Page MenuHomePhabricator

[[officewiki:Contact list]] fails to load in VE since it receives a HTTP 504 from the server
Closed, DuplicatePublicBUG REPORT

Description

Steps to reproduce

  1. Login and visit https://office.wikimedia.org/wiki/Contact_list on the desktop site
  2. Click Edit Source
  3. Click Visual Editing

Expected results

  • Page loads to edit Contact List and allows user to edit in visual editor

Actual results

"The server did not respond within the expected time." error message, with a progress bar around 70% complete in the background.

Environments observed

  • Browser version: 10.13.6
  • OS version: High Siera
  • Device model:
  • Device language: English

Check any additional observations

  • Observed while logged in

Event Timeline

There are a very large number of changes, so older changes are hidden. Show Older Changes

@ppelberg I assigned it to you for you to prioritize.

JTannerWMF lowered the priority of this task from Unbreak Now! to High.Feb 7 2020, 9:54 PM
JTannerWMF raised the priority of this task from High to Unbreak Now!.
Jdforrester-WMF renamed this task from [Bug] Server did not respond within the expected time message popups when using Visual Editor on Office Wiki to Parsoid times out when using VisualEditor to load the Contact list on OfficeWiki .Feb 7 2020, 9:59 PM
Jdforrester-WMF added a project: Parsoid.
ssastry lowered the priority of this task from Unbreak Now! to Medium.Feb 7 2020, 10:07 PM

Making a source edit and clicking 'show preview' shows up the preview in under 30s. This preview also uses Parsoid. Maybe the preview doesn't use the pagebundle endpoint, so, it is possible this is an issue with the pagebundle endpoint. OR some other code that runs in the VE extension after Parsoid HTML is fetched. To be investigated.

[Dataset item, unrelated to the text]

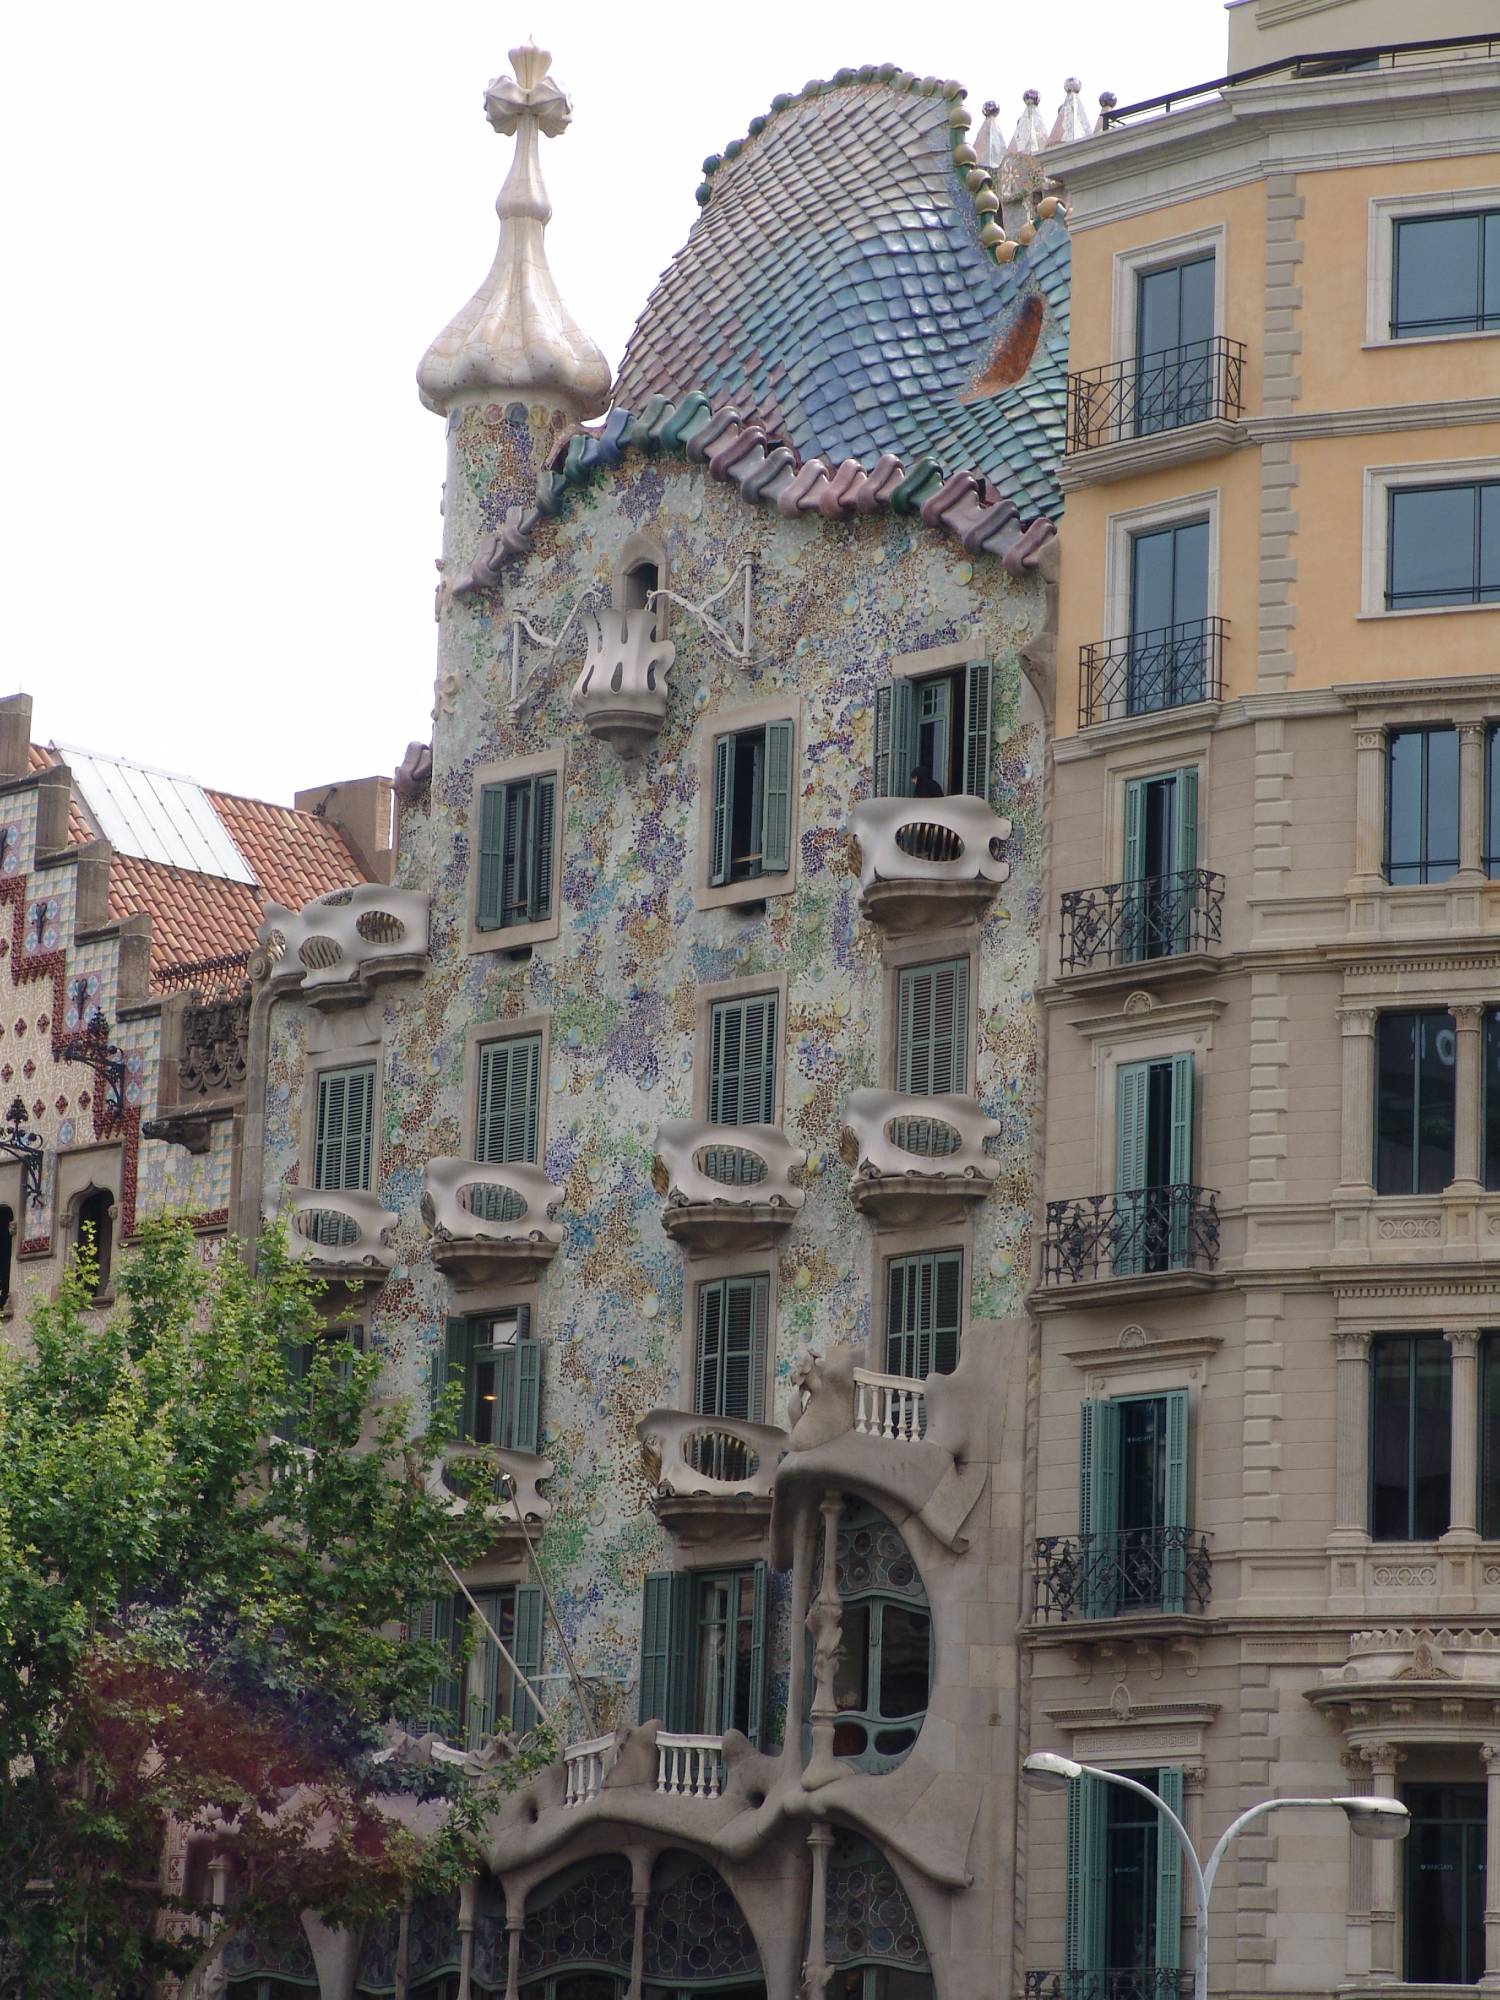 Explore the Disney Cruise Line port city of Barcelona, Spain |PassPorter.com
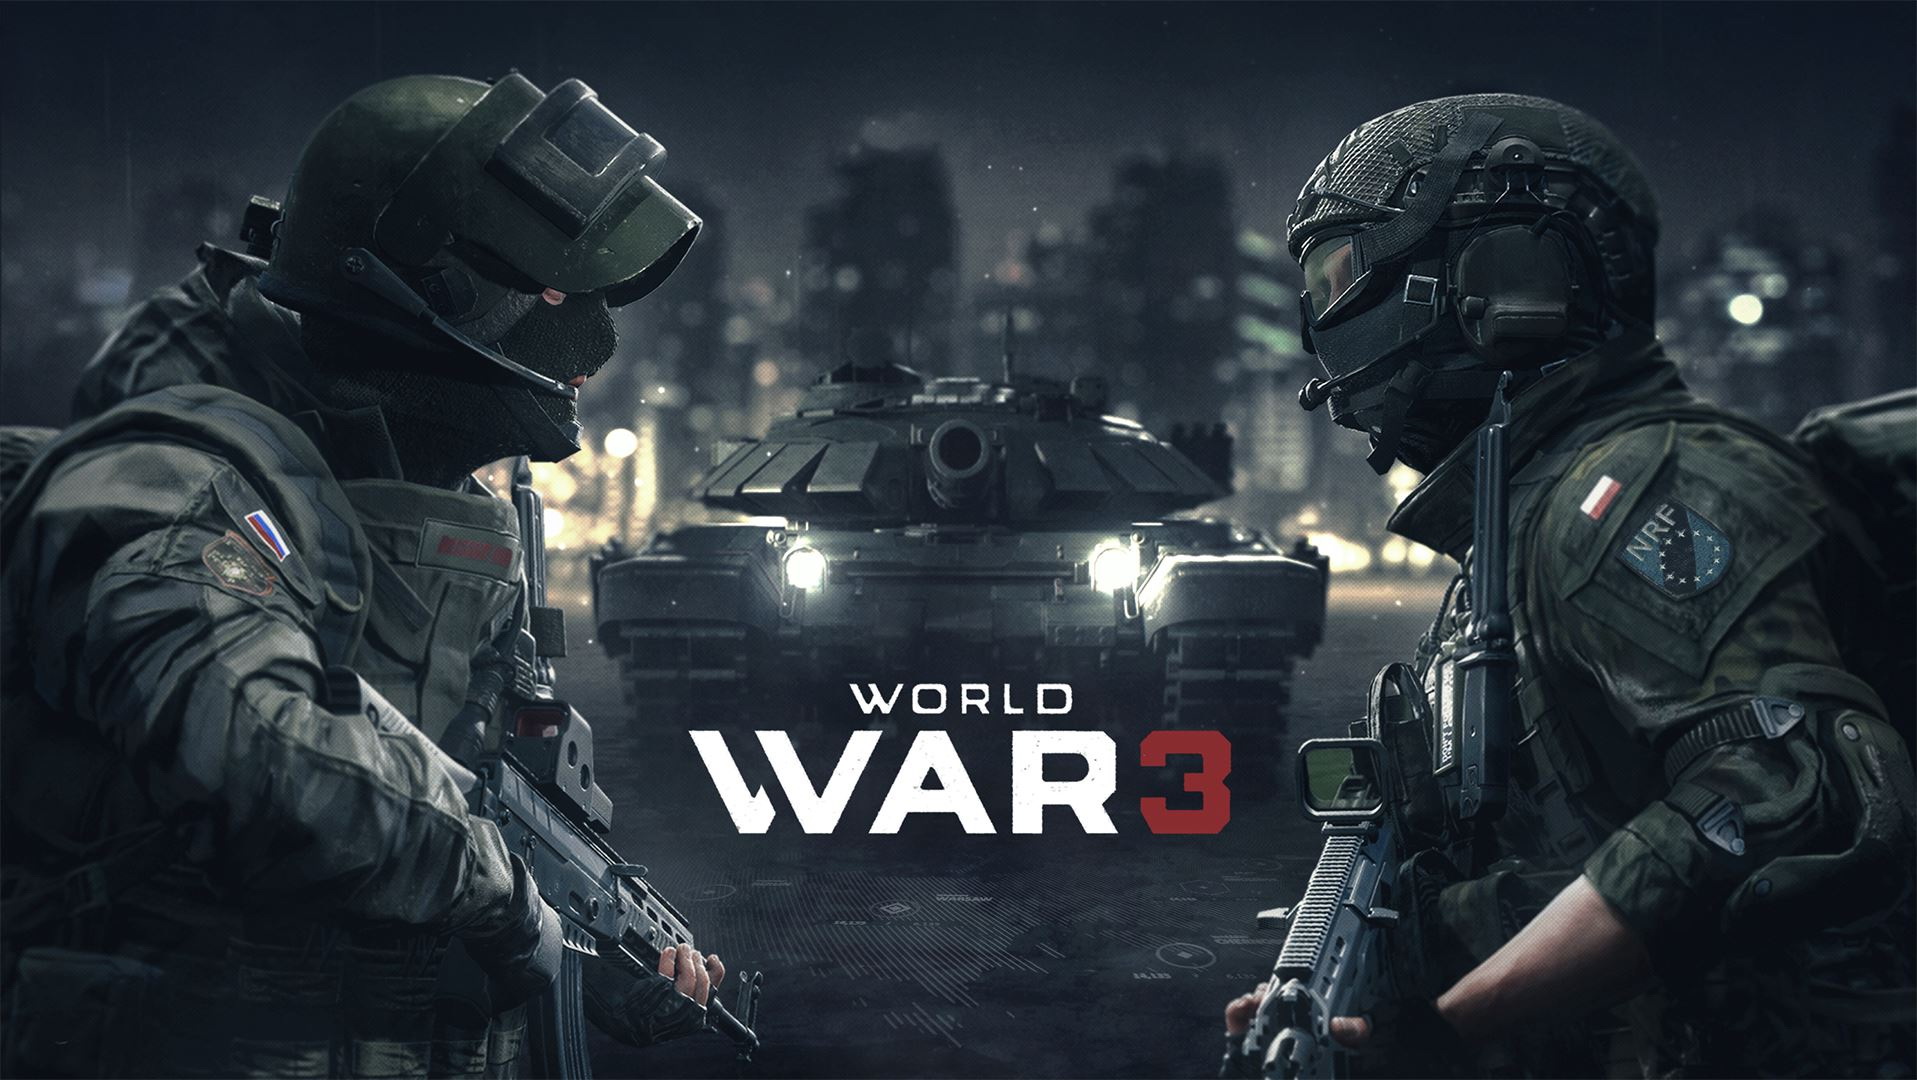 《世界大戰 3》公開測試延期 將繼續販售封閉測試組合包《World War 3》

I tried following https://wikitech.wikimedia.org/wiki/X-Wikimedia-Debug#Request_profiling to debug the problem (or at least identify if VE's API code or Parsoid is to blame), but every single page on https://performance.wikimedia.org/xhgui/ returns a "Slim Application Error" for me, and "inline profile" doesn't appear for API requests.

@matmarex Be sure to have "Inline profile" off if "XHGui" is on (known issue), and to click on the timetamp in the list viewer to open the profile details (clicking on the url is more intuitive but actually submits a search query which we have disabled currently in an ugly way, this will be fixed with T180761).

Huh, okay, thanks @Krinkle. That works. So I got this: https://performance.wikimedia.org/xhgui/run/view?id=5e3df76dbb8544953953b502

What I see here:

  • Request took ~19 seconds
  • Out of this, ~18.8 seconds is spent in ApiVisualEditor::requestRestbase/MultiHttpClient::runMultiCurl, which is where we fetch stuff from Parsoid
  • ApiVisualEditor::requestRestbase is only called 1 time, as expected
  • (MultiHttpClient::runMultiCurl is called 2 times? This seems to happen inside VirtualRESTServiceClient. Seems weird to me but maybe this is expected.)
  • Clearly, Parsoid is slow

@ppelberg I assigned it to you for you to prioritize.

Great spot, Jazmin. Thank you for filing and pinging. I've tagged this ticket with our tracking tag considering this seems to be a Parsing issue.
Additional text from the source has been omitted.